== Work to complete ==
Retype the listing exactly, with no images.

== Given information ==
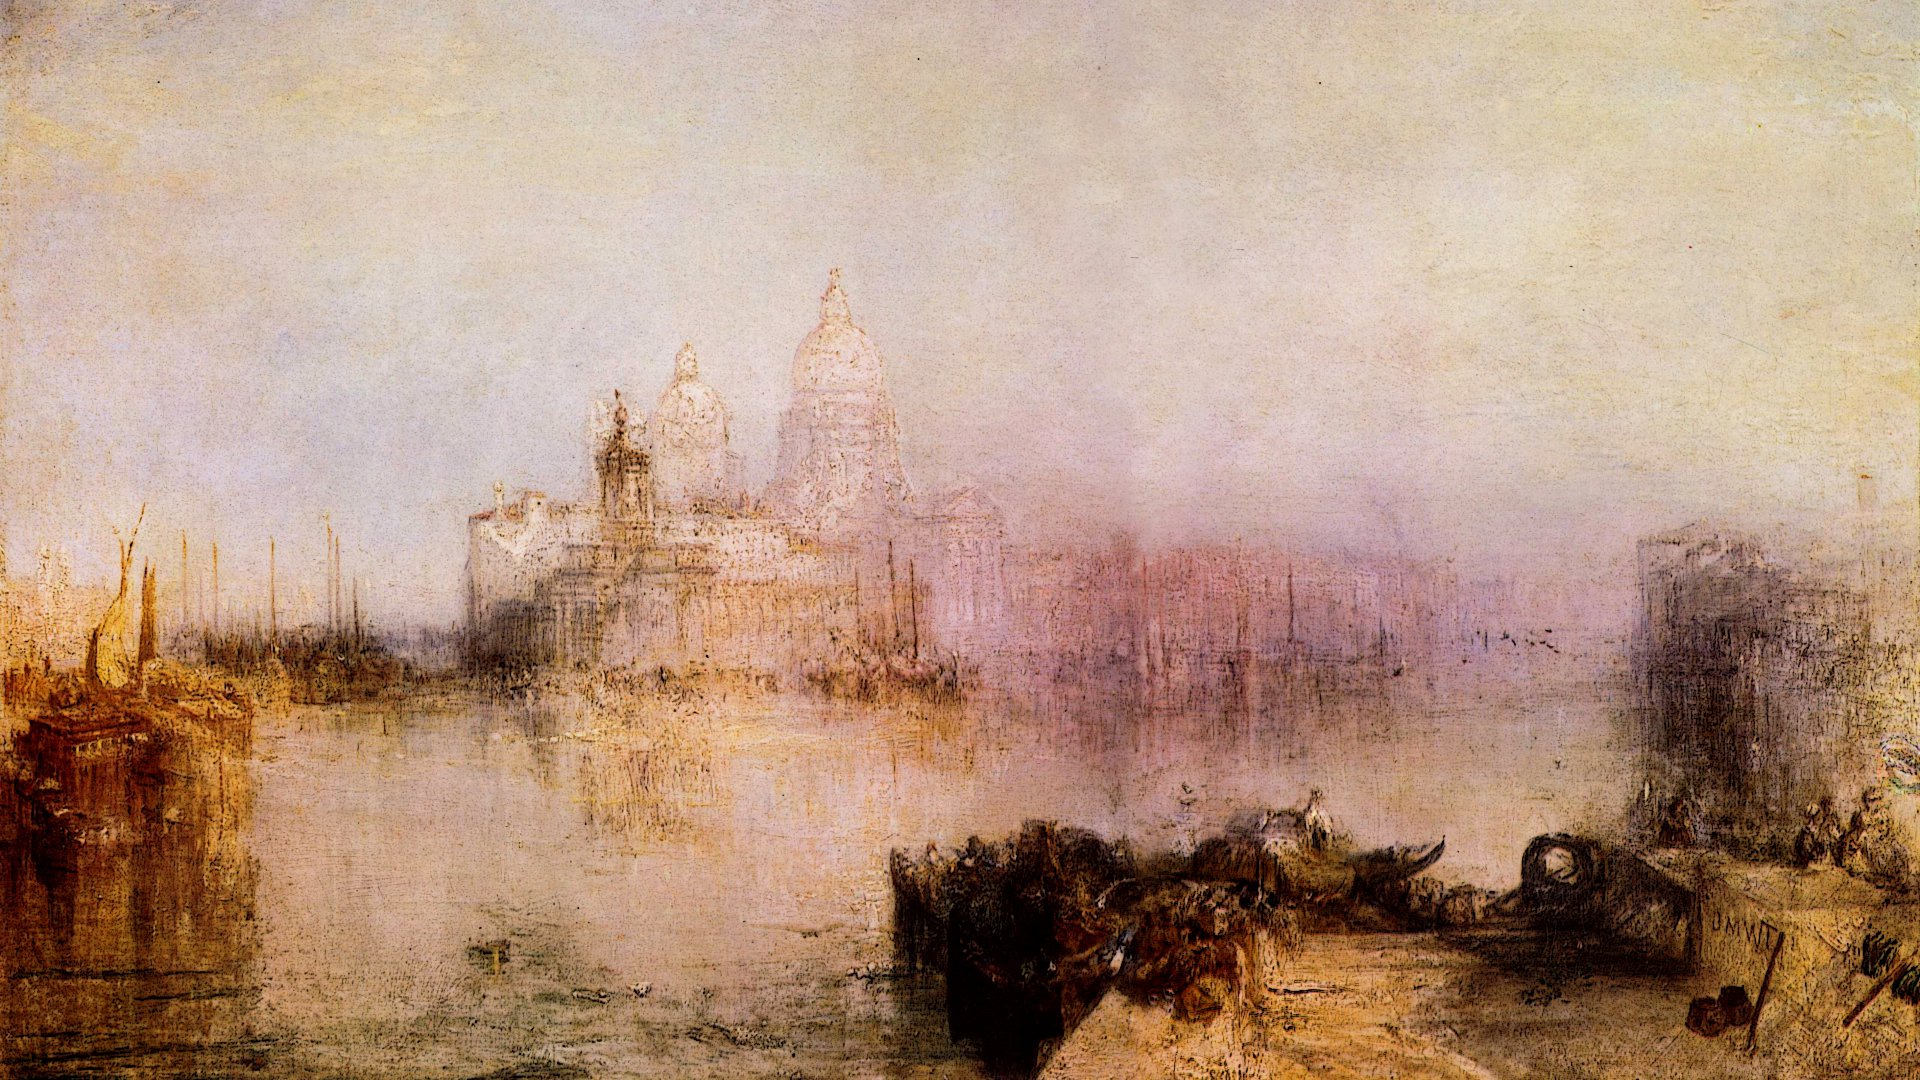 Venice Painting Wallpapers
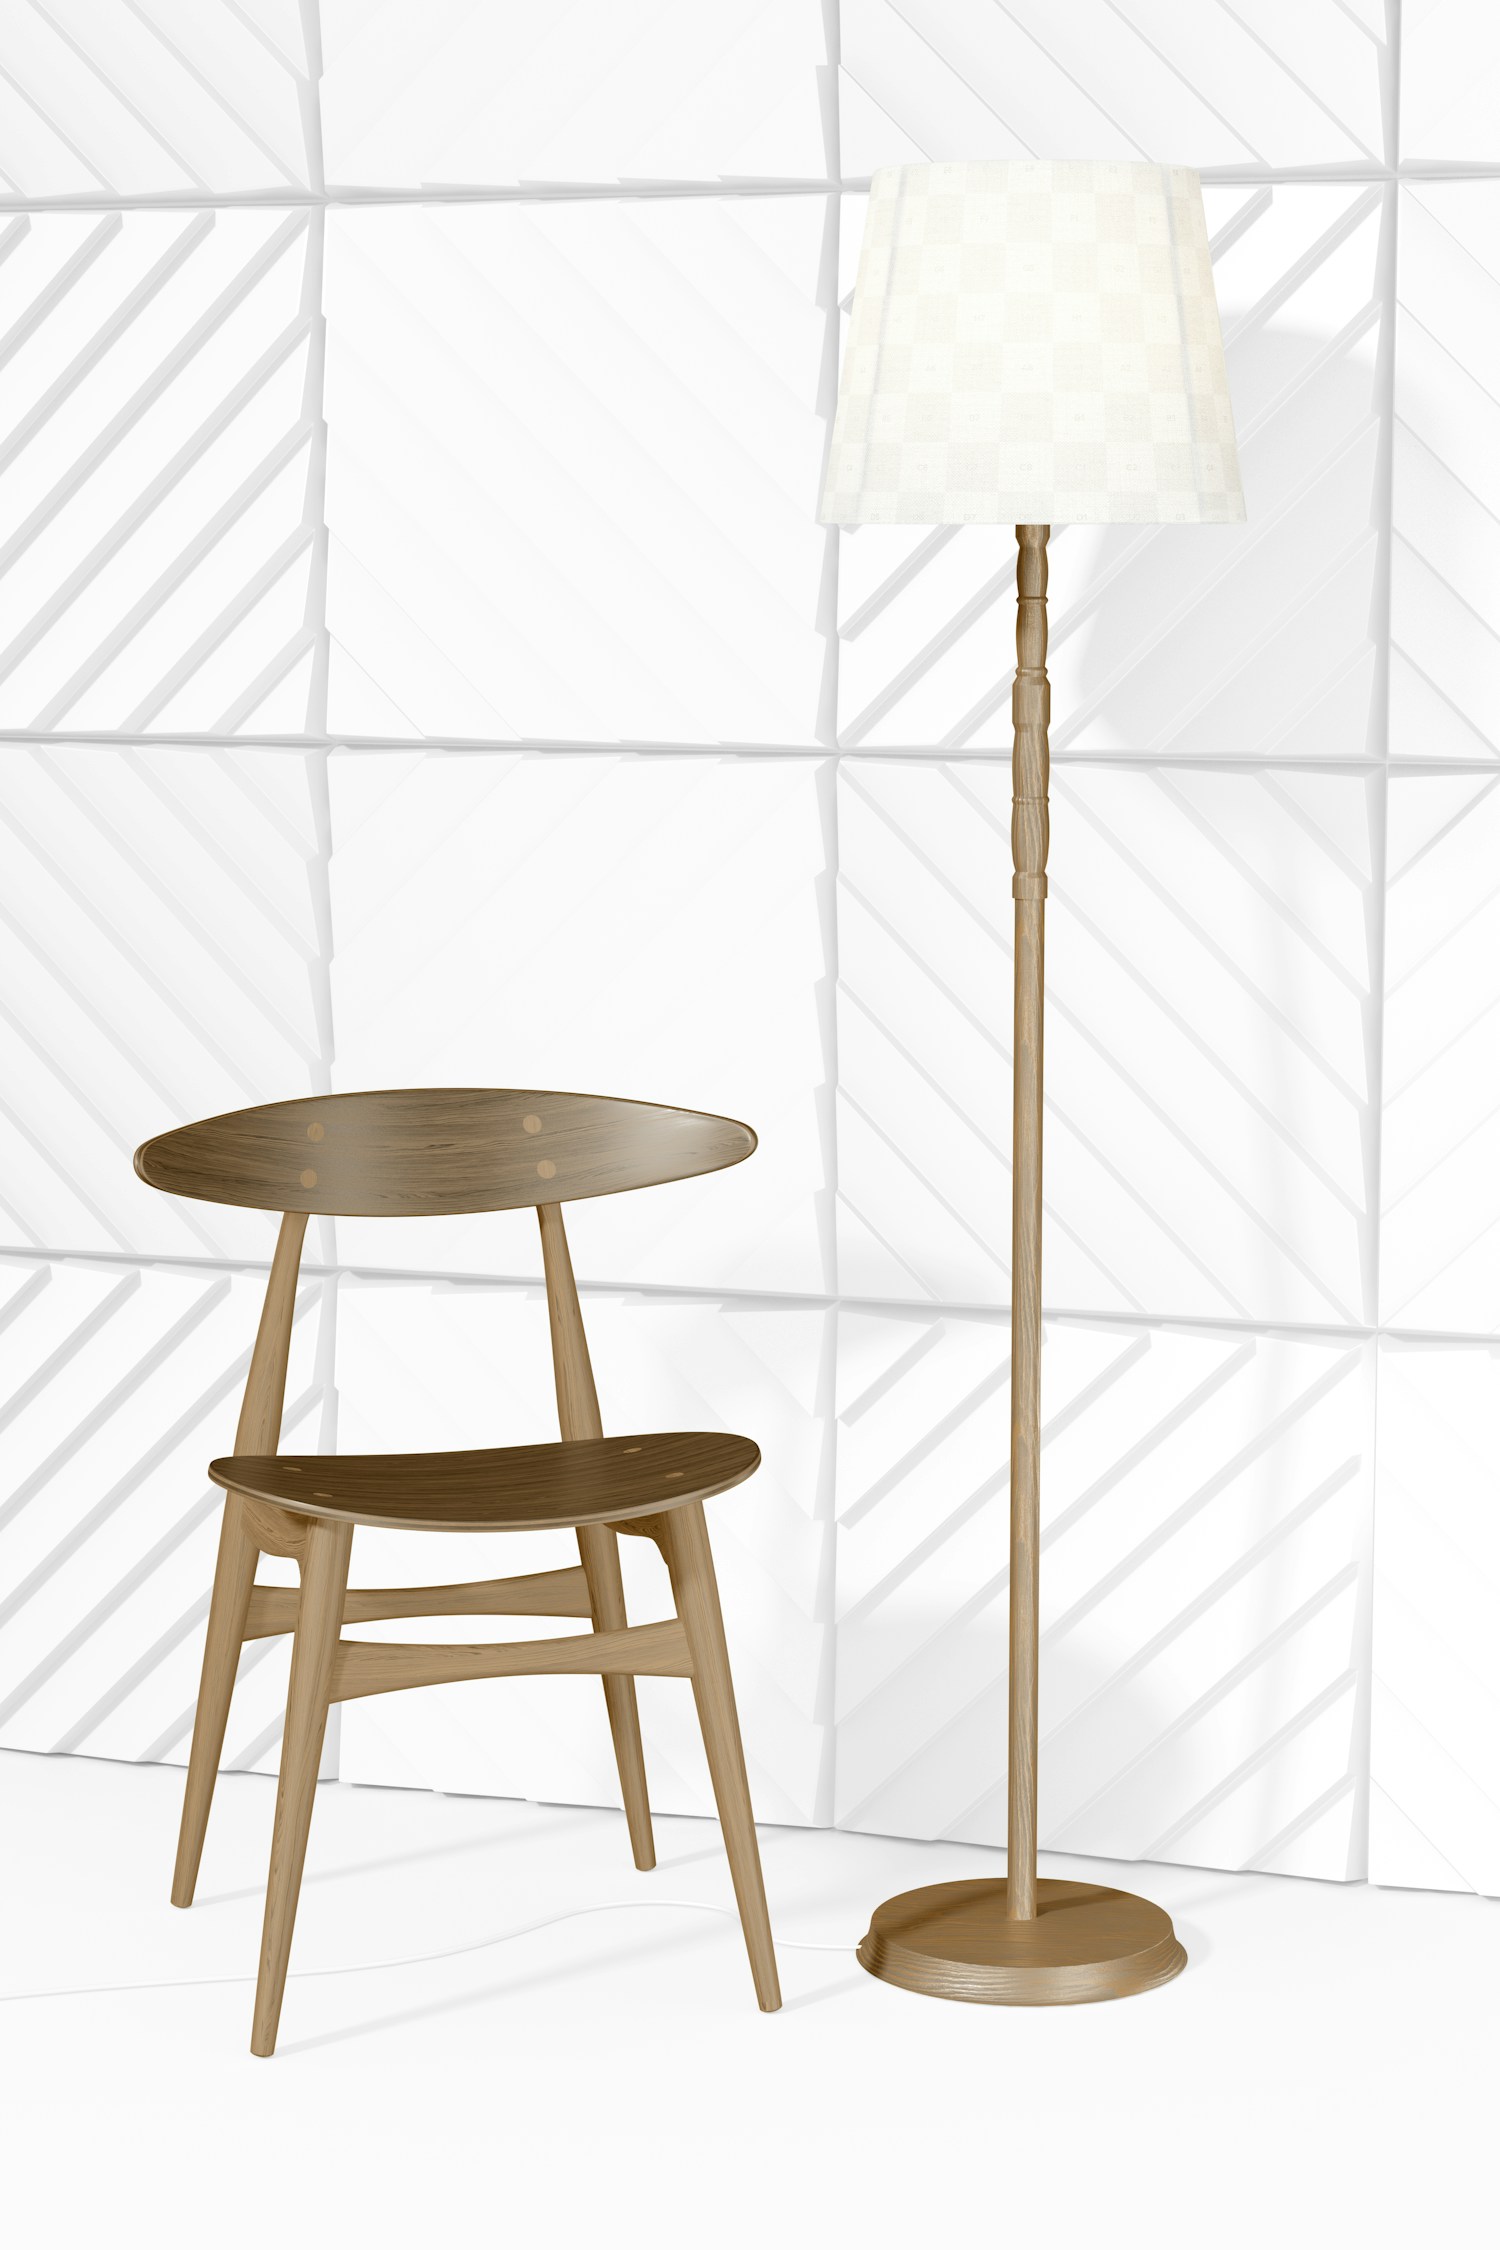 Floor Lamp with Wooden Chair Mockup
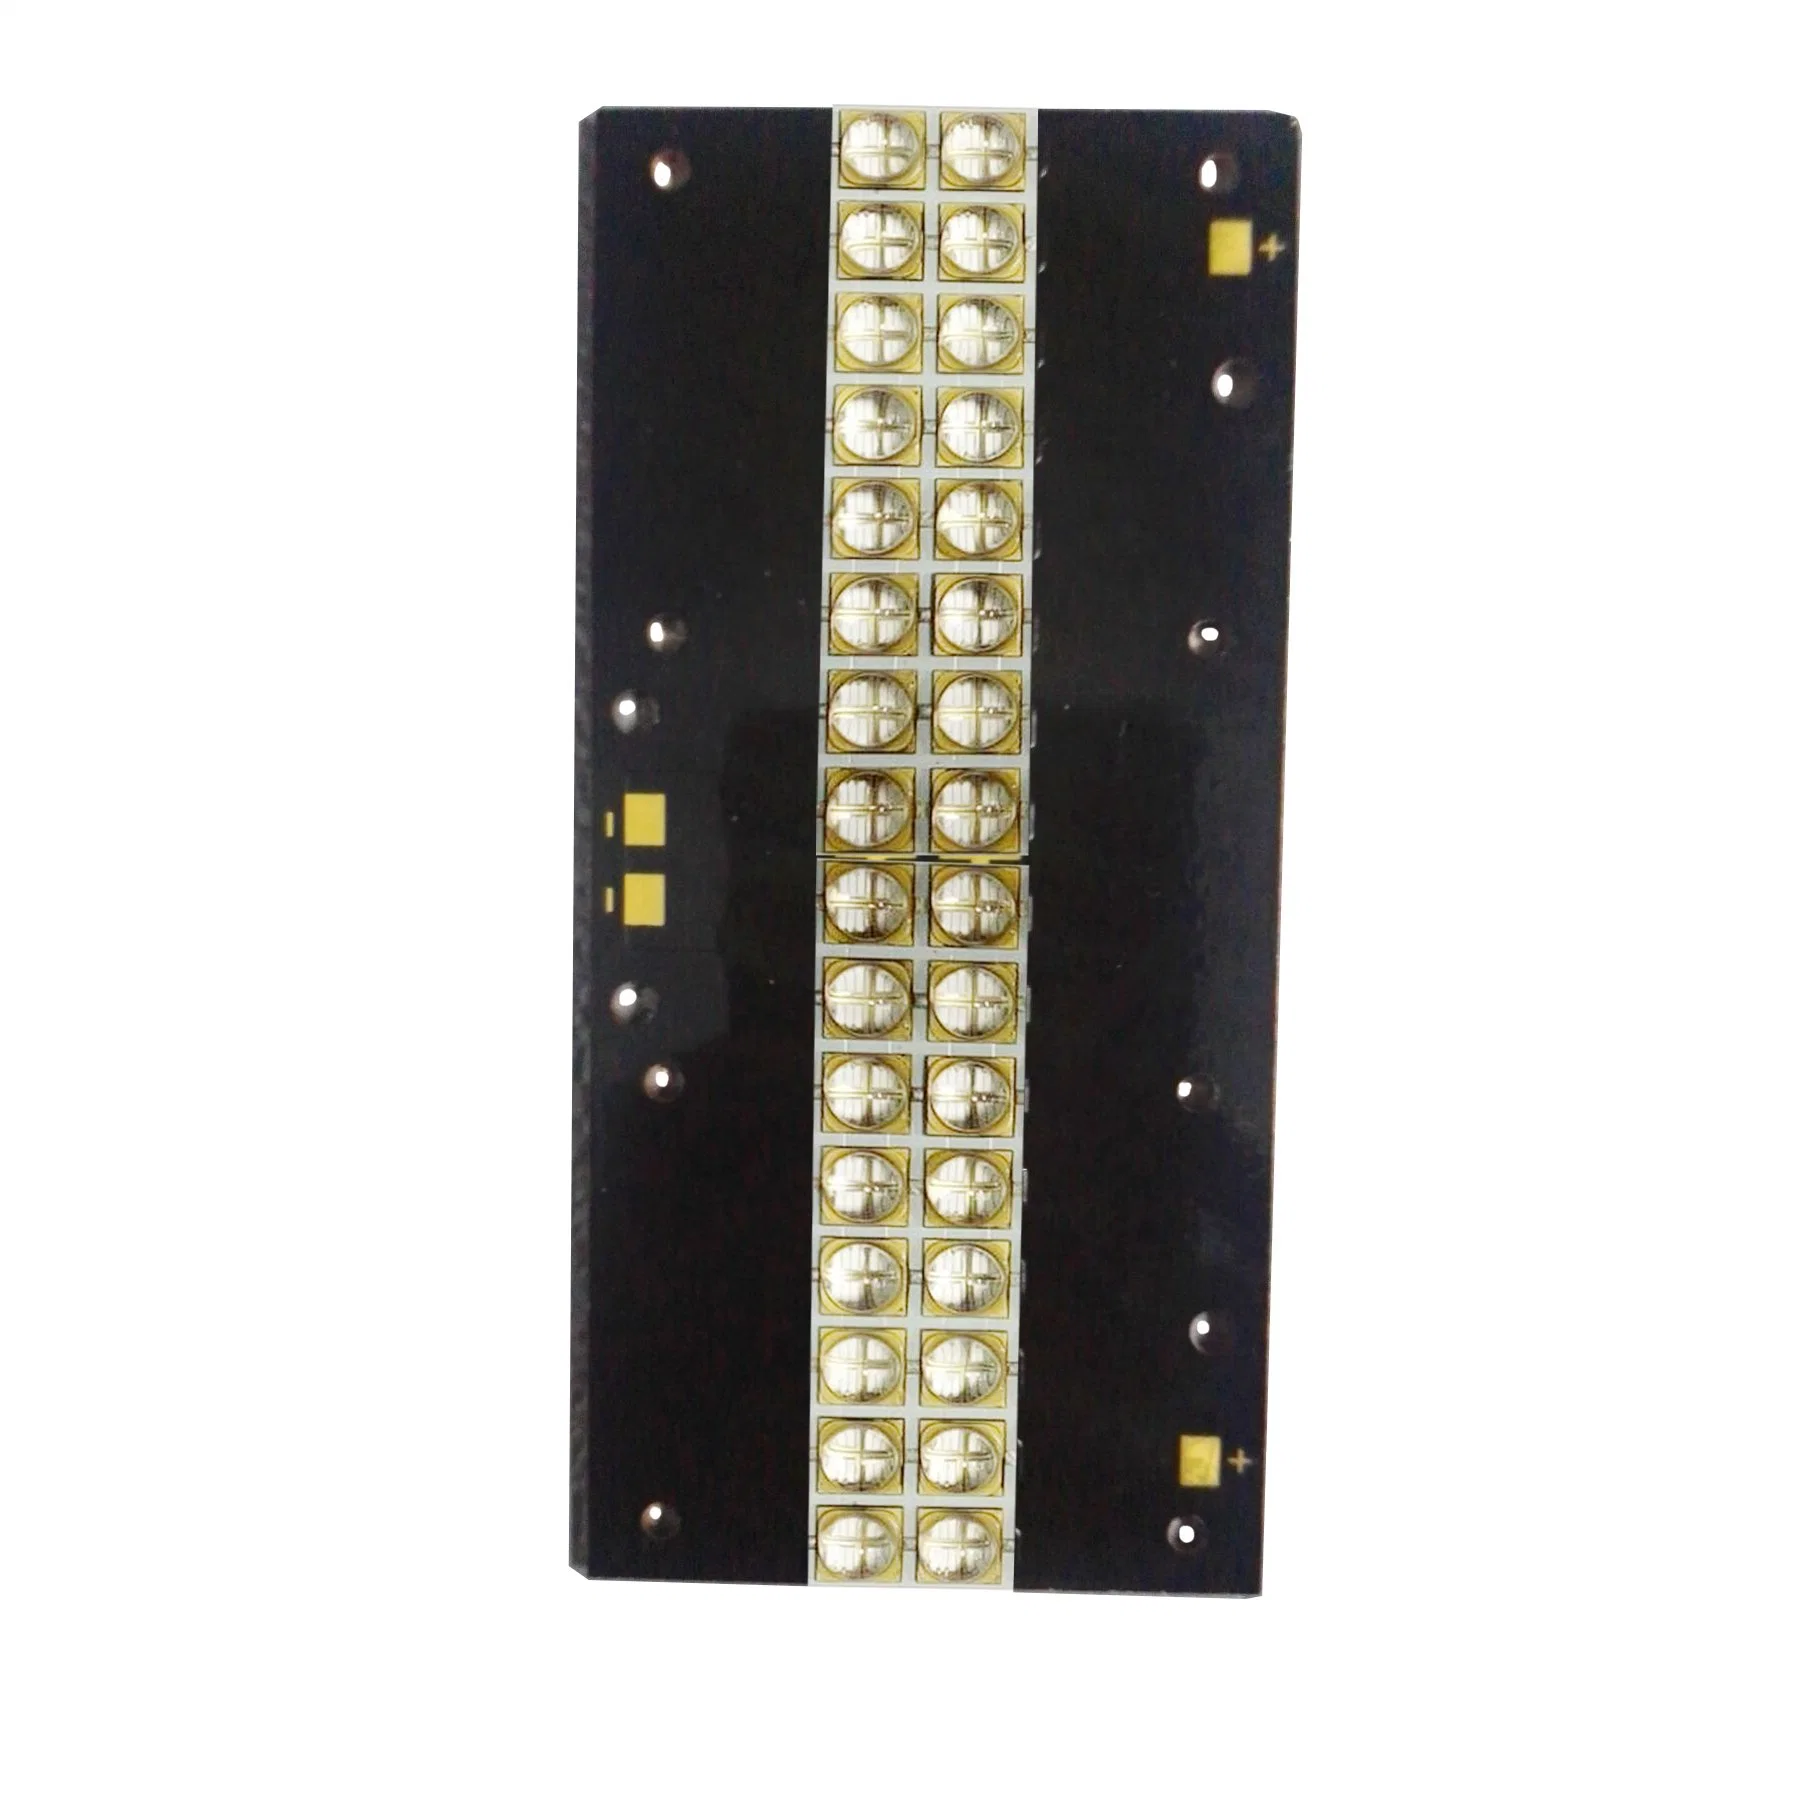 SMD 2835/35355/7070/6868/6565 LED PCB Assembly UV LED Printed Circuit Board for Curing Bulb

== Output ==
 Venice Painting Wallpapers
 Floor Lamp with Wooden Chair Mockup
 SMD 2835/35355/7070/6868/6565 LED PCB Assembly UV LED Printed Circuit Board for Curing Bulb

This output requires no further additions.